Microsoft's impressive Azure performance was primarily born out of non-AAI demand as businesses moved their storage to the cloud. However, as UBS analyst Carl Kielstead proposed in a memo on Thursday, Microsoft may be getting a boost from infrastructure build-outs.
Meta is also in double-digit post-revenue glory and has benefited from AI investments. As Morningstar Analyst Malik Ahmed Khan wrote in a note after the revenue, the company's enthusiasm comes from its ability to use AI tools to promote more engagement and better monetization on Meta's platform.
Integrating new AI tools throughout your business is by design. From a technical standpoint, the big benefits of increasing productivity and creative potential can resonate across the company. But as more teams, workflows, and products rely on AI, can investors and everyone really draw on how legacy operations end and AI investments begin?
Wall Street Bulls and the CEO of High Tech have argued that generation AI is a paradigm-shift technology.

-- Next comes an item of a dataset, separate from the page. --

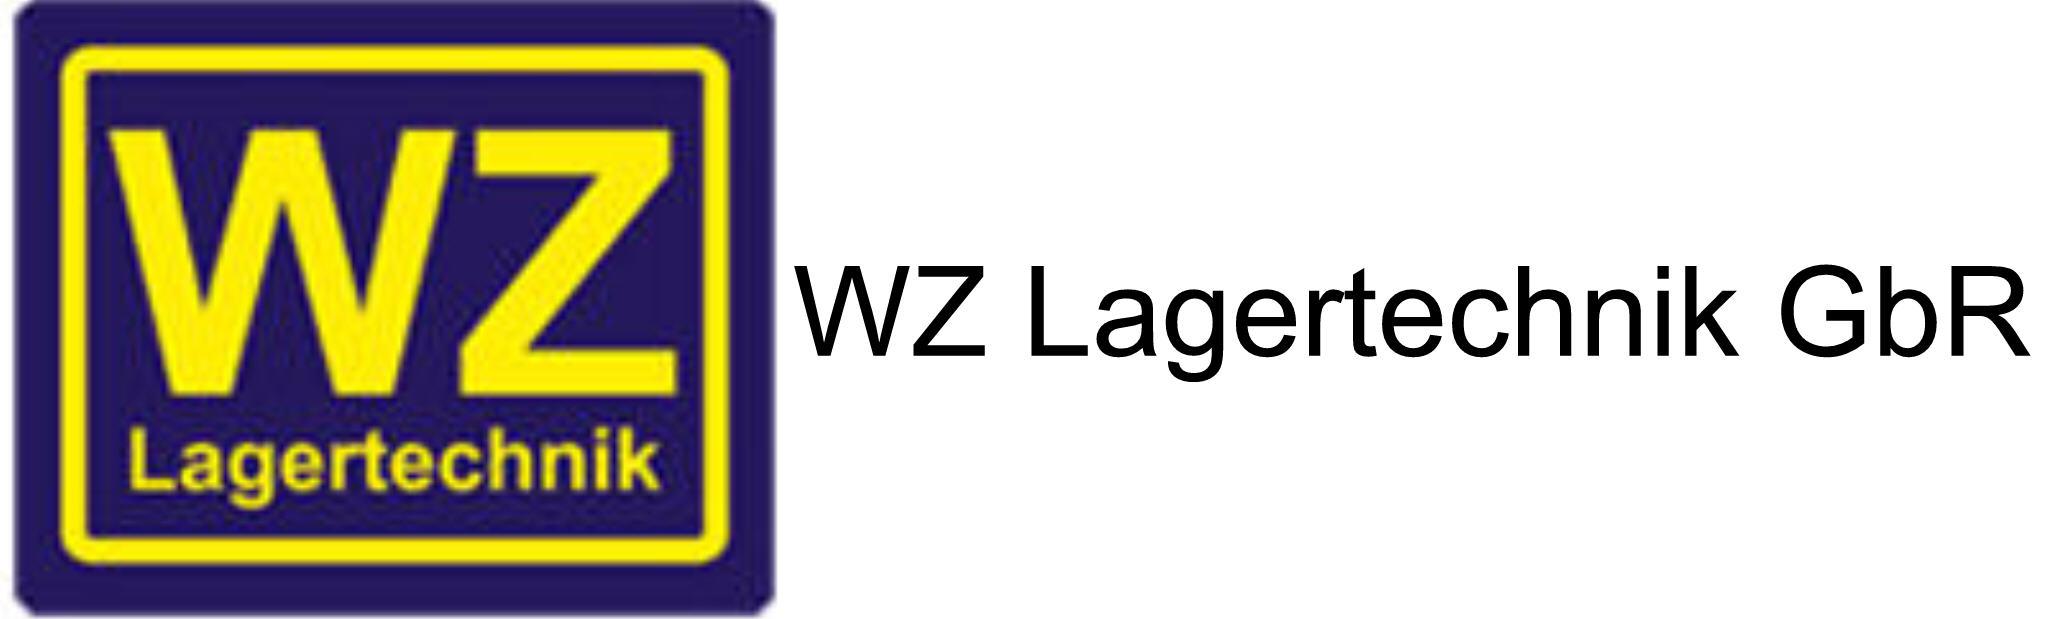 97688 bad kissingen poppenroth tel 09736 752550 fax 09736 7525051 wz lagertechnik gmx de www wz lagertechnik de haus und gartenbau schreinerei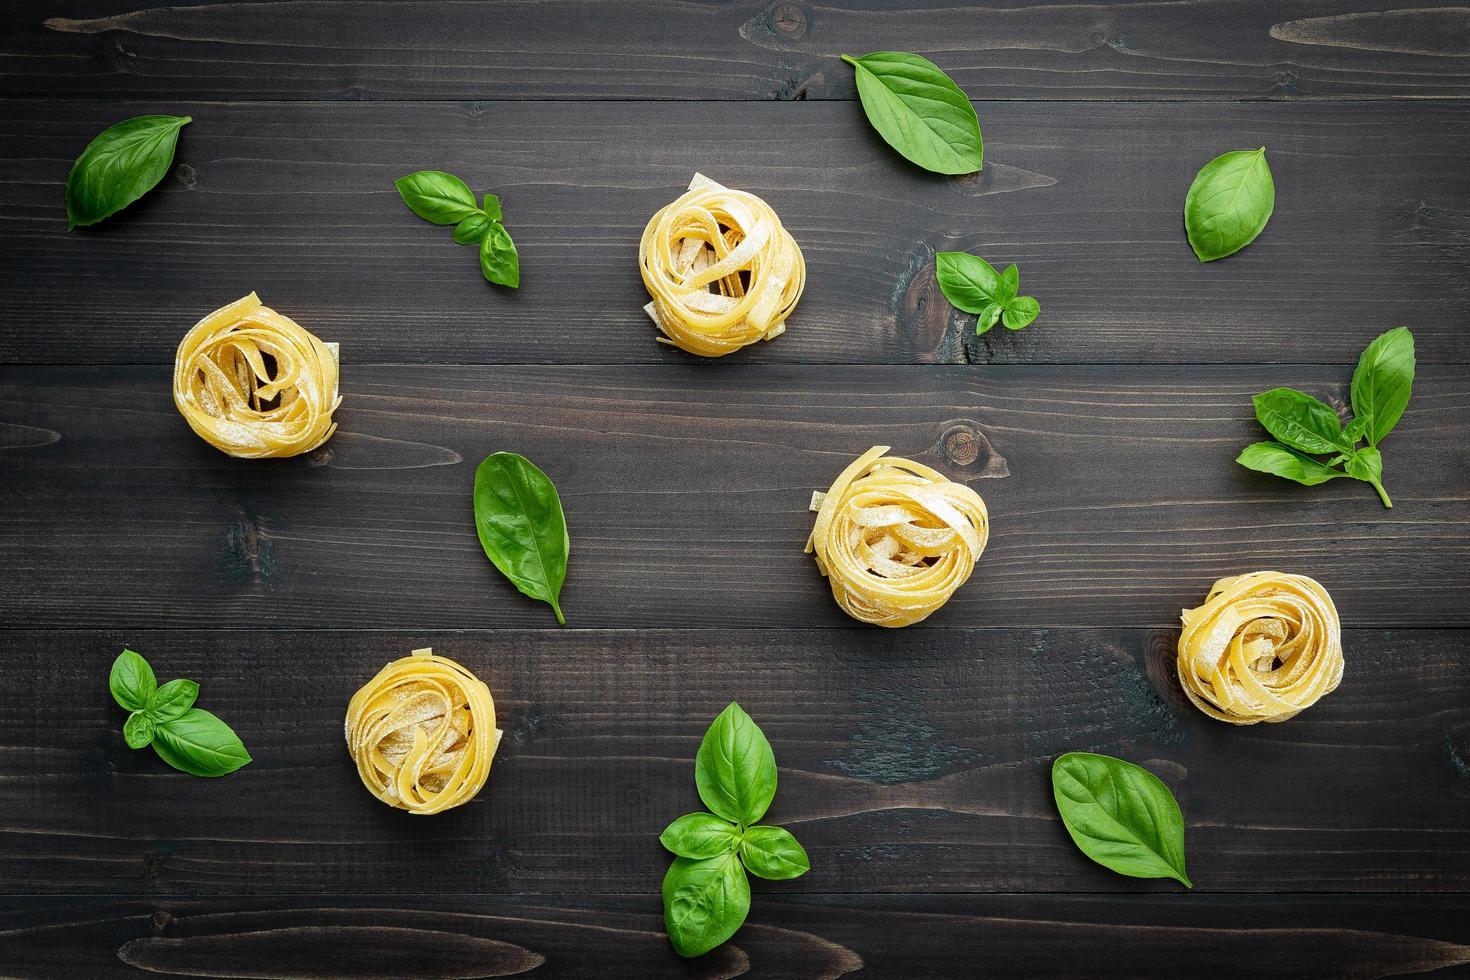 pasta en basilicum op een houten achtergrond foto

As Meta CEO Mark Zuckerberg said in a post earlier this week, “It's clear that over the next few years, AI will improve all existing systems and allow us to create and discover new things we don't imagine today.”
When technology is just as transformative as its advocates, trying to distinguish AI fruit from traditional systems is just as strange as the internet tries to separate fascinated technology from PreWEB computing.